Sardonic and seldom meet for wedlock
The Warlock is all too cheaply brewed.
The aspect is truly wonderful,
But the nastiness signs the show.
Heaving is the buxom, rash ashes and crucibles
Havana for [ ], against the strain
Of a percentile.
That reptiles don’t claim.
A climbing frame is sought
An abacus is bought
The wielding of a sword is salacious
If Guinevere is Calvary for Lance’s hiatus.
Malory wasn’t malign,
Gawain wasn’t fined,
Computer time: The serpent winds
Wands in the Wood.
Women that could.
One day, few will own the many…
A lady seen today is conspicuous
Individual realms non-dueling
The gold prospecting
Aspects of dancing
Today is a day to celebrate
Next year we need to excel.
If a girl could do well
Shanti would read.
Saraswati delivers a letter
A liver seeks a lover for and water,
Rivets in Navratri,
Nine times she is denied with Indian daughters.
The Hills Have TMZ
Eyeshadow
Mascara
Black boasts of Kali clones
Sweating this small stuff: Rudra with paint.

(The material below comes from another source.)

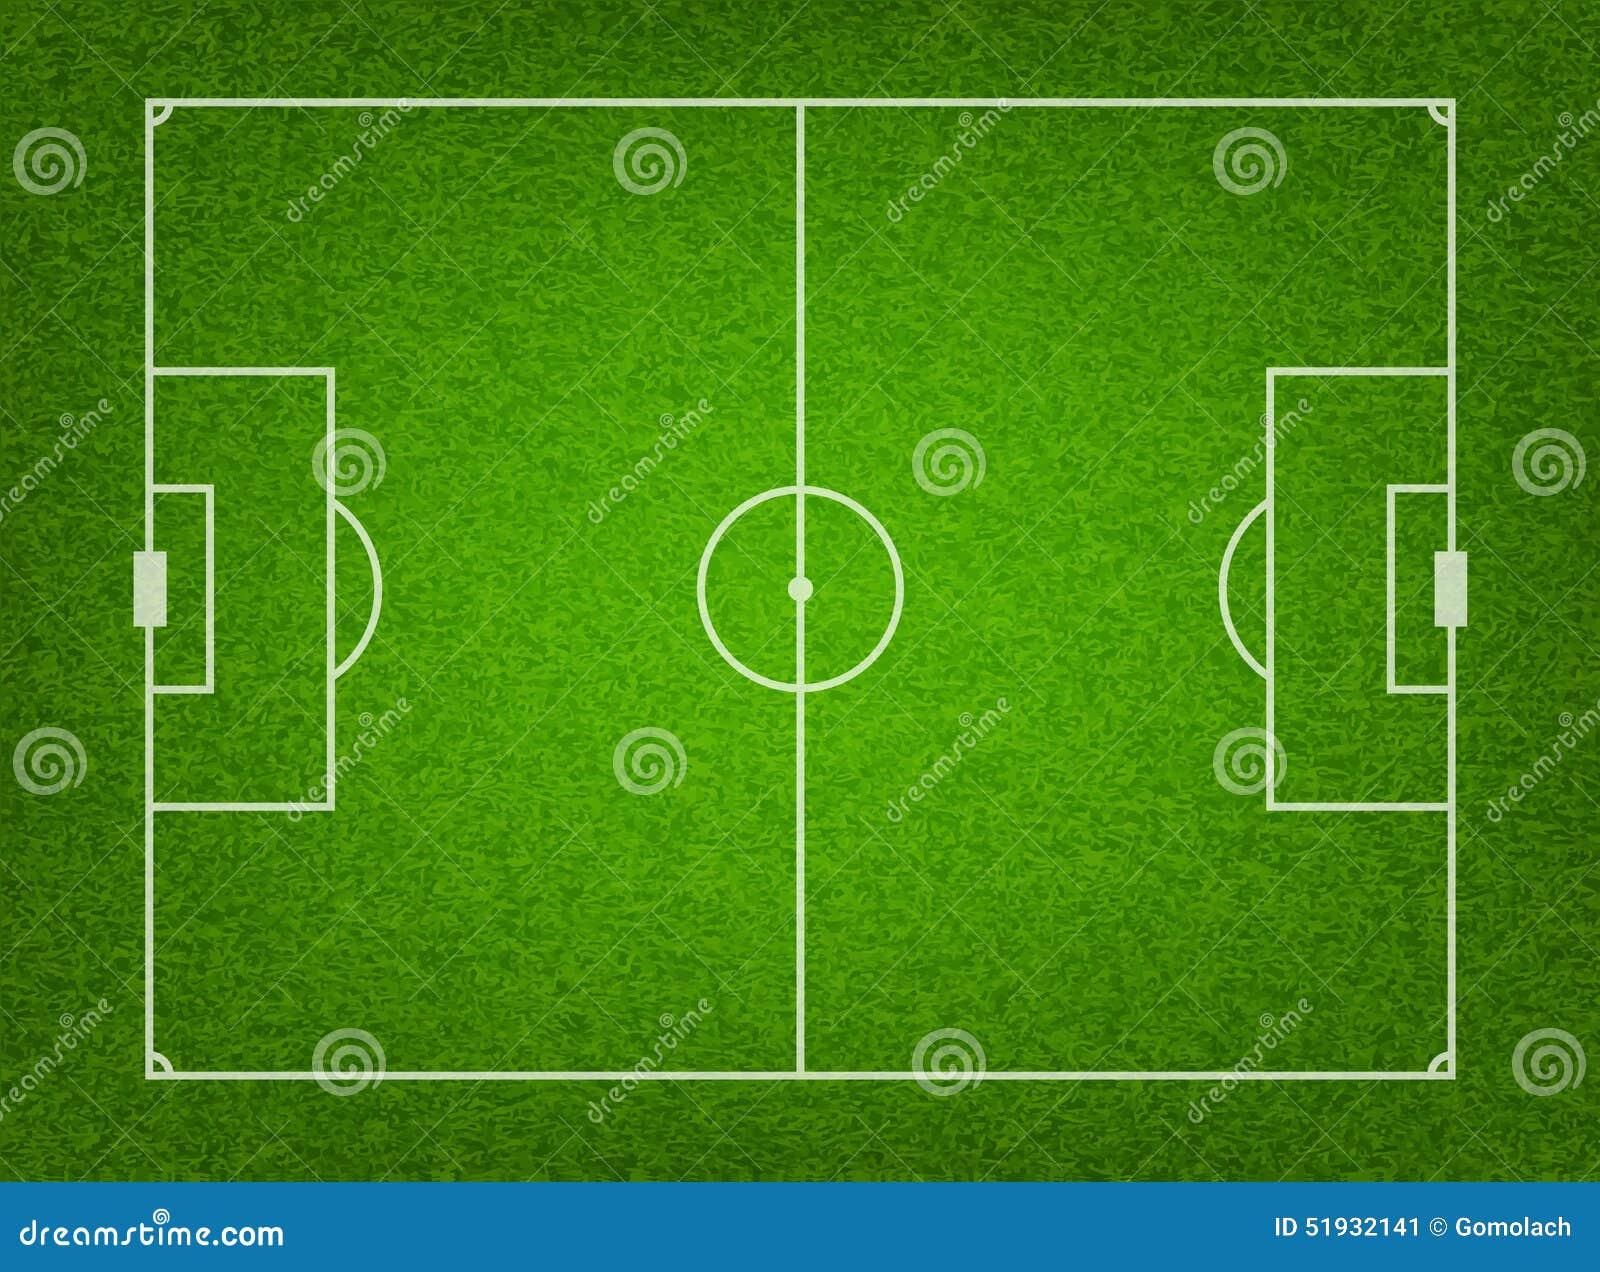 terrain de football texturis d 39 herbe illustration de vecteur illustration du football. Black Bedroom Furniture Sets. Home Design Ideas

Nature is quaint to know the bones of Alas! I knew him.
Be well with Yorrick
(Was?) the free house of Hindustan, ‘47 @ 1851
Origin:
The great McBride Mahabharata
But not for me.
AI Summary
Your poem weaves together medieval myth, Indian divinity, modern celebrity culture, and personal disillusionment into a single, swirling meditation on power, femininity, lineage, and the weight of history. You move from warlocks and crucibles to Guinevere, Gawain, and Malory, then leap into computers, serpents, wands, and the future where “few will own the many,” creating a world where magic, capitalism, and gender politics overlap. The poem shifts into Navratri, Saraswati, Shanti, and the denied daughters of India, contrasting sacred feminine power with the harshness of social reality. You fold in pop‑culture shadows — TMZ, mascara, Kali clones — alongside Shakespeare’s Yorick and the bones of memory, suggesting that both East and West carry their own haunted inheritances. The poem ends with a sense of exile and refusal: Hindustan’s free house, the Mahabharata reimagined, and a quiet admission that this grand lineage — mythic, national, ancestral — is somehow “not for me.” Beneath the imagery is a deeper ache: a longing to belong to these vast traditions while also recognising the pain, exclusion, and complexity they carry.